Understand me, all the girls at that party, in the twilight, were lovely; they all had perfect faces but, more important than that, they had whatever strangeness of proportion, of oddness or humanity it is that makes a beauty something more than a shop-window dummy. Stella was the most lovely of any of them, but she, of course, was Vic’s, and they were going upstairs together, and that was just how things would always be.
There were several people now sitting on the sofa, talking to the gap-toothed girl. Someone told a joke, and they all laughed. I would have had to push my way in there to sit next to her again, and it didn’t look like she was expecting me back, or cared that I had gone, so I wandered out into the hall. I glanced in at the dancers, and found myself wondering where the music was coming from. I couldn’t see a record-player or speakers.

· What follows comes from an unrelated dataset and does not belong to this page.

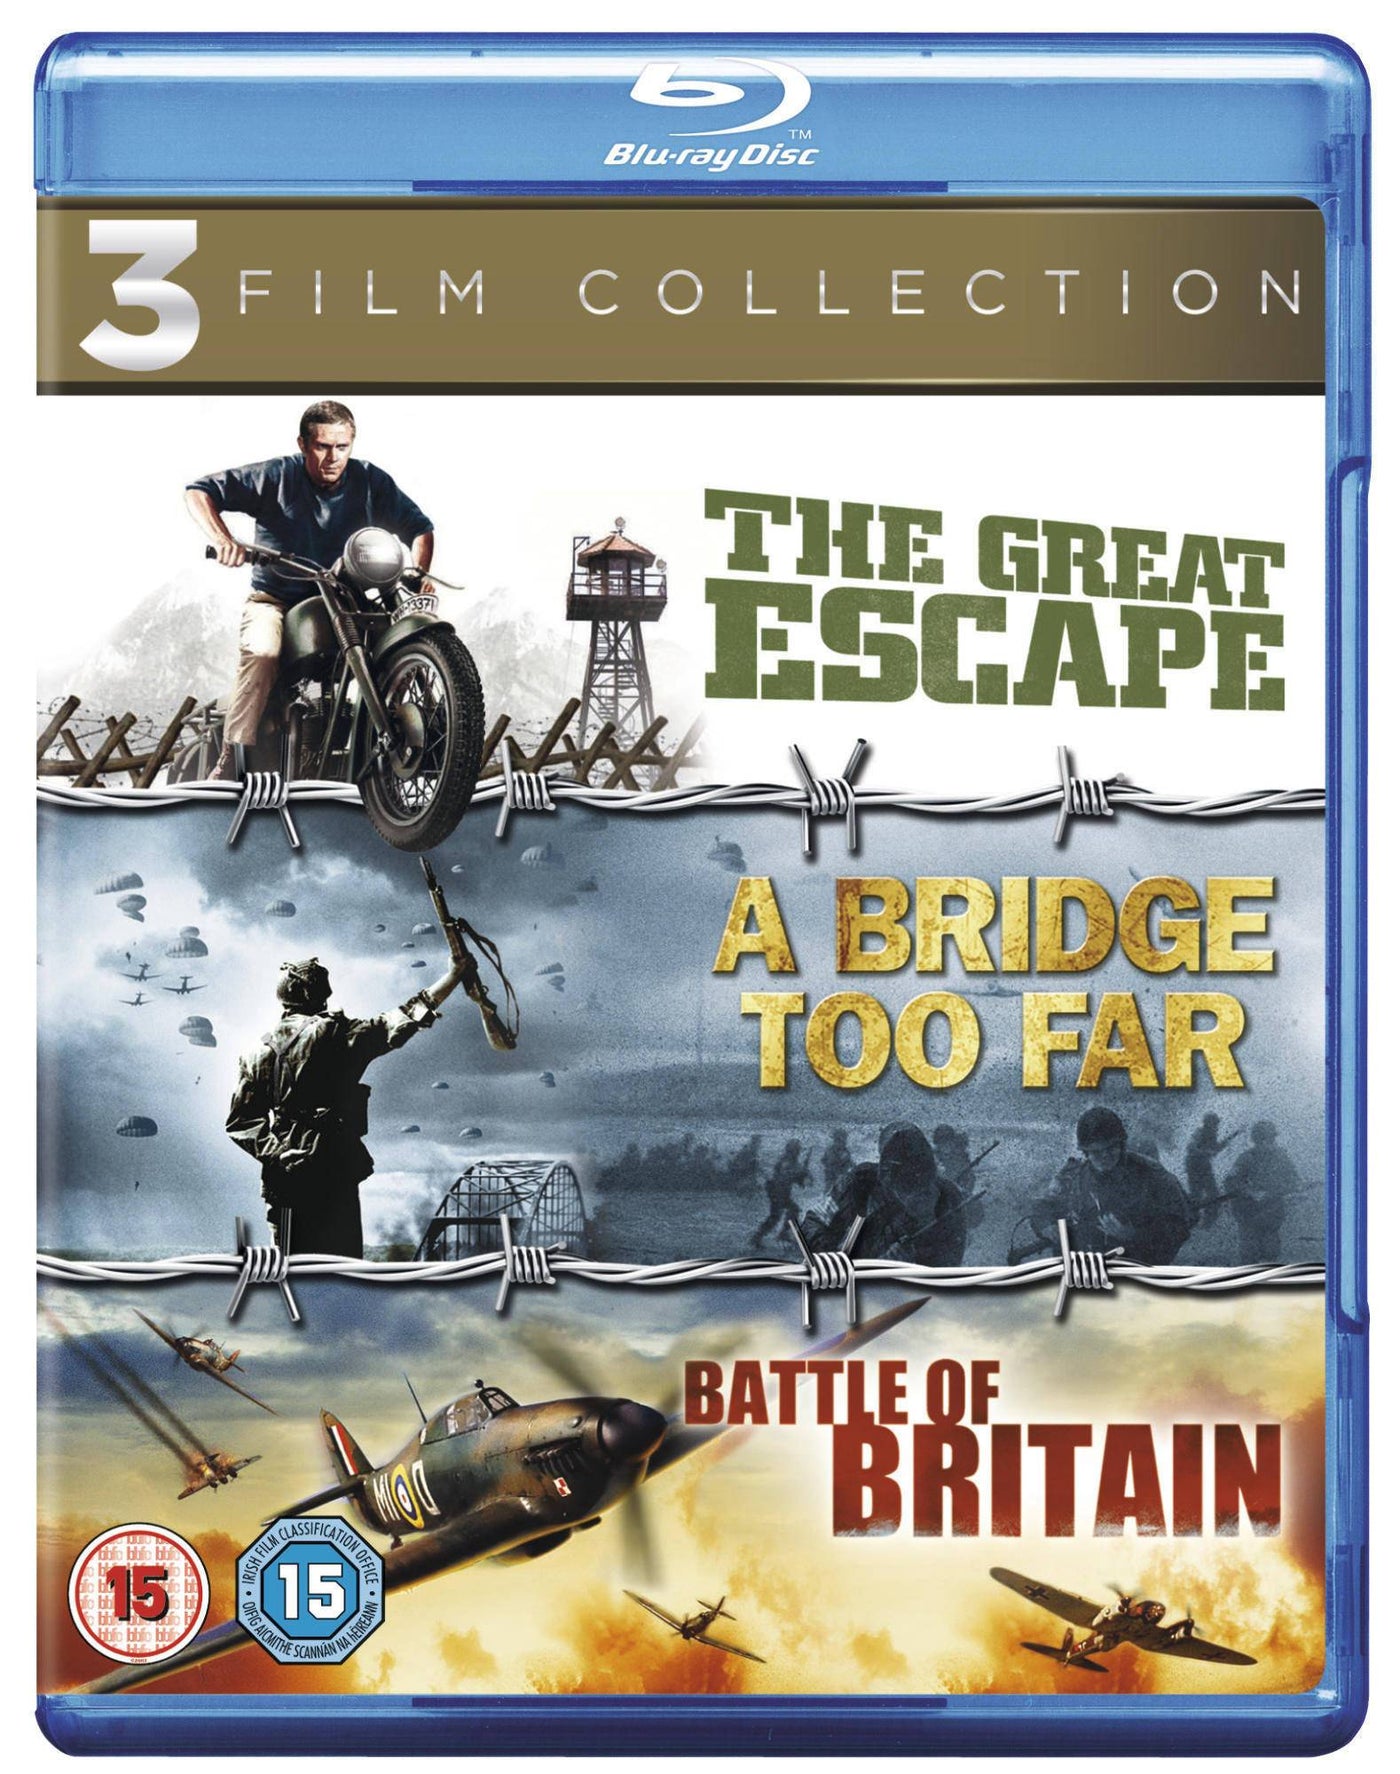 The Great Escape / A Bridge Too Far / Battle of Britain [1963] (Blu-ray)

From the hall I walked back to the kitchen.
Kitchens are good at parties. You never need an excuse to be there and, on the good side, at this party I couldn’t see any signs of someone’s mum. I inspected the various bottles and cans on the kitchen table, then I poured half an inch of Pernod into the bottom of my plastic cup, which I filled to the top with Coke. I dropped in a couple of ice-cubes, and took a sip, relishing the sweet-shop tang of the drink.
‘What’s that you’re drinking?’ A girl’s voice.
‘It’s Pernod,’ I told her. ‘It tastes like aniseed balls, only it’s alcoholic.’ I didn’t say that I’d only tried it because I’d heard someone in the crowd ask for a Pernod on a live Velvet Underground LP.
‘Can I have one?’ I poured another Pernod, topped it off with Coke, passed it to her. Her hair was a coppery auburn, and it tumbled around her head in ringlets. It’s not a hairstyle you see much now, but you saw it a lot back then.
‘What’s your name?’ I asked.
‘Triolet,’ she said.
‘Pretty name,’ I told her, although I wasn’t sure that it was. She was pretty, though.
‘It’s a verse form,’ she said, proudly. ‘Like me.’
‘You’re a poem?’
She smiled, and looked down and away, perhaps bashfully. Her profile was almost flat – a perfect Grecian nose that came down from her forehead in a straight line. We did Antigone in the school theatre the previous year. I was the messenger who brings Creon the news of Antigone’s death. We wore half-masks that made us look like that. I thought of that play, looking at her face, in the kitchen, and I thought of Barry Smith’s drawings of women in the Conan comics: five years later I would have thought of the Pre-Raphaelites, of Jane Morris and Lizzie Siddall. But I was only fifteen, then.
‘You’re a poem?’ I repeated.
She chewed her lower lip. ‘If you want. I am a poem, or I am a pattern, or a race of people whose world was swallowed by the sea.’
‘Isn’t it hard to be three things at the same time?’
‘What’s your name?’
‘Enn.’
‘So you are Enn,’ she said. ‘And you are a male. And you are a biped. Is it hard to be three things at the same time?’